Turmeric-Ginger Salmon with Lemon-Dill Zucchini Noodles
Anti-inflammatory salmon with zucchini noodles to soothe skin breakouts, featuring omega-3s and gentle spices. This pacific northwest-inspired whole30 (anti-inflammatory) ready in about 20 minutes pairs (6 ounces each) Salmon fillets, teaspoon Turmeric, tablespoon grated Fresh ginger for a weeknight-friendly dinner that comes together with one pan and minimal cleanup. Each serving lands at about 320 calories and feeds 2, so it slots cleanly into a weekly meal plan and pairs well with a quick salad or grain on the side. Tap "Plan a meal with the AI" below to drop this recipe into your week and send the ingredients straight to Instacart. Nutrition values are approximate, calculated from USDA FoodData Central (fdc.nal.usda.gov) — verify against ingredient labels for any health-driven dietary plan.
Ingredients
- 2 (6 ounces each) Salmon fillets
- 1/2 teaspoon Turmeric
- 1 tablespoon grated Fresh ginger
- 1/2 (zest and juice) Lemon
- 2 medium (spiralized) Zucchini
- 1 tablespoon chopped Dill
- 1 tablespoon Olive oil
- 1/4 teaspoon Sea salt
- 1/8 teaspoon Black pepper
Instructions
- Step 1: Pat salmon fillets dry and season with 1/2 teaspoon turmeric, 1/4 teaspoon sea salt, and 1/8 teaspoon black pepper. Heat 1 tablespoon olive oil in a skillet over medium-high heat. Add salmon skin-side down and cook 4-5 minutes until golden, then flip and cook 3-4 minutes more until opaque.

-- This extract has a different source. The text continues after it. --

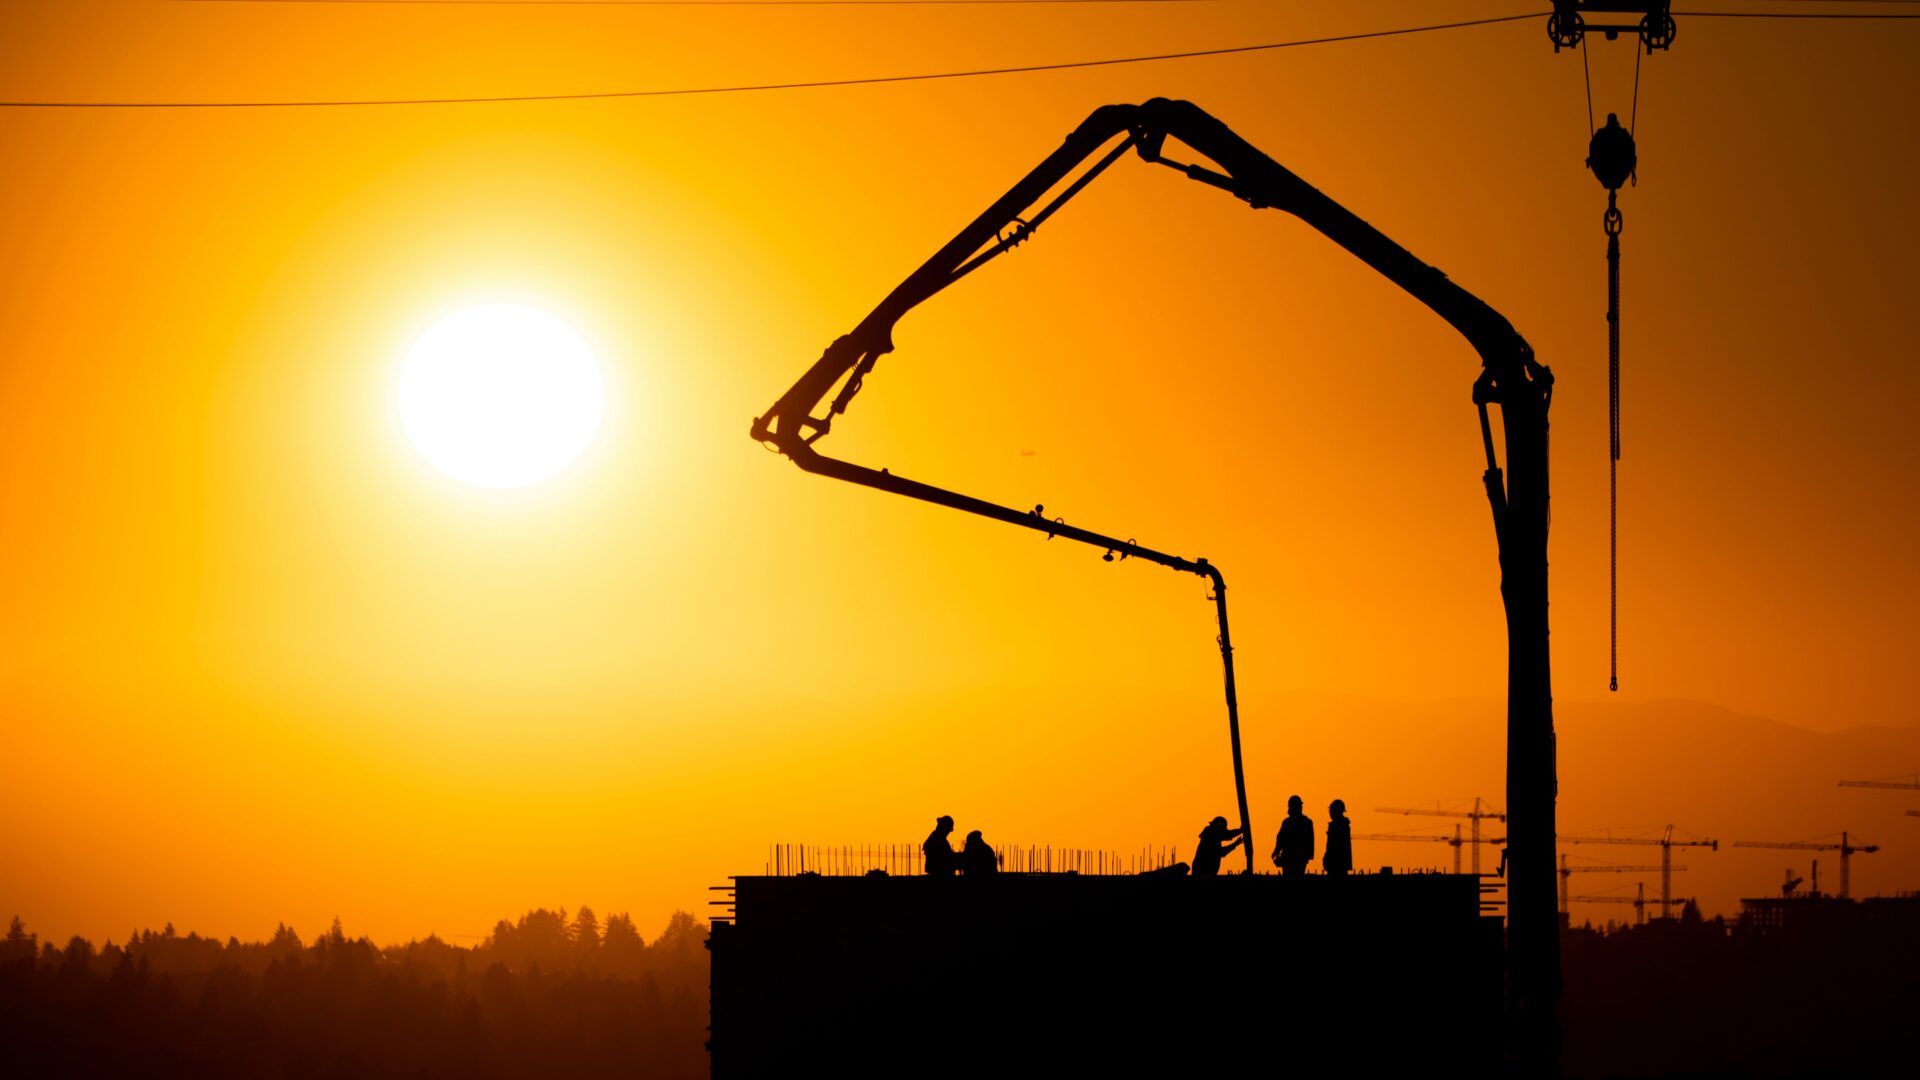 Construction workers at sunset

- Step 2: While salmon cooks, heat 1/2 tablespoon olive oil in a separate pan over medium heat. Add 2 medium spiralized zucchini noodles and 1 tablespoon chopped dill, sautéing 2-3 minutes until tender but crisp. Stir in 1 tablespoon grated ginger and 1/2 tablespoon lemon juice, cooking 30 seconds until fragrant and edges are slightly caramelized.
- Step 3: Plate salmon with zucchini noodles, garnish with lemon zest, and serve immediately while salmon is juicy and noodles are tender-crisp.
Equipment for this recipe
Top-rated tools to make this recipe successfully.
Frequently asked questions
How long does Turmeric-Ginger Salmon with Lemon-Dill Zucchini Noodles take to make?
Total time is about 20 minutes (10 min prep + 10 min cook). Most home cooks find this fits comfortably into a weeknight; double the batch on Sunday for two dinners.
How do I store leftover Turmeric-Ginger Salmon with Lemon-Dill Zucchini Noodles?
Cool to room temperature within 2 hours, then store in an airtight container in the fridge for up to 4 days. Reheat covered in a 350°F oven for 10-12 minutes, or microwave at 70% power in 60-second bursts to keep teaspoon turmeric from drying out.
Can I substitute ingredients in Turmeric-Ginger Salmon with Lemon-Dill Zucchini Noodles?
Yes — most ingredients in this recipe have flexible swaps. For oil, use any neutral high-smoke-point oil (avocado, grapeseed, refined coconut). For aromatics, dried herbs at ⅓ the volume of fresh work in a pinch. The full ingredient list is shoppable on Instacart so you can see substitutes in real time.
How do I scale Turmeric-Ginger Salmon with Lemon-Dill Zucchini Noodles for a different number of people?
The recipe is written for 2 servings. Multiply each ingredient by (your serving target / 2). Cook time stays roughly the same up to 2x; for 3-4x batches, switch from a skillet to a sheet pan or stockpot so the food isn't crowded — overcrowding steams instead of browns.
What goes well with Turmeric-Ginger Salmon with Lemon-Dill Zucchini Noodles?
Pacific Northwest whole30 like this pair well with a simple grain (rice, couscous, or crusty bread), a quick salad with acid (lemon vinaigrette, pickled onions), and a pan sauce or yogurt-based dip. Tap "Plan a meal with the AI" to get specific side suggestions.
What others are saying
- ★★★★★
Used half the salt and it was still plenty flavorful.
- ★★★★★
Best recipe I've made this month.
- ★★★☆☆
It was fine. Came out a bit bland for my taste.